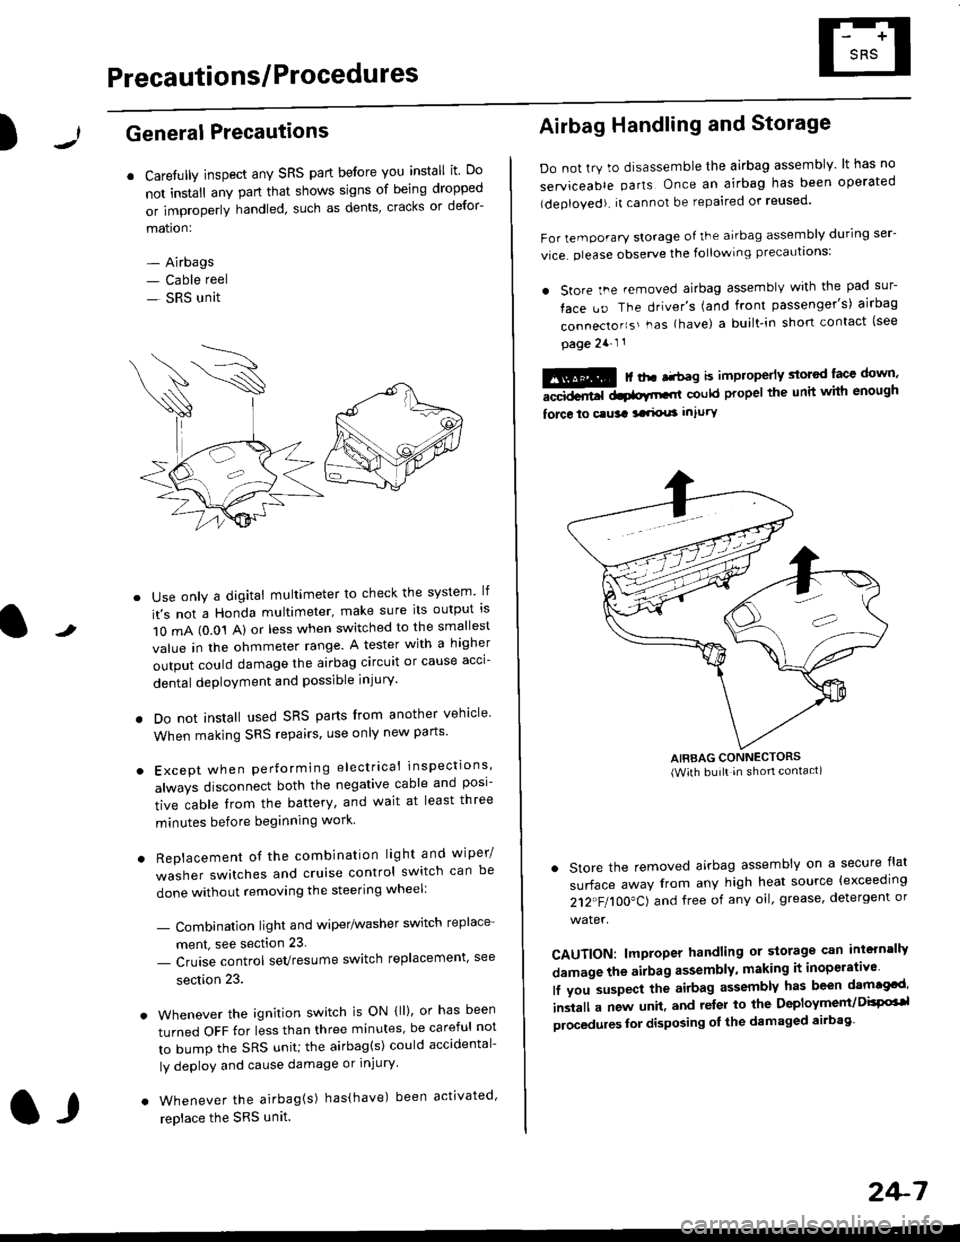 HONDA CIVIC 1996 6.G Repair Manual Precautions/ Procedures
)General Precautions
r Carefully inspect any SRS part before you install it Do
not install any part that shows signs of being dropped
or improperly handled such as dents, crac

============

Look through the data above. Copy every line with the string "part" in it.

r Carefully inspect any SRS part before you install it Do
not install any part that shows signs of being dropped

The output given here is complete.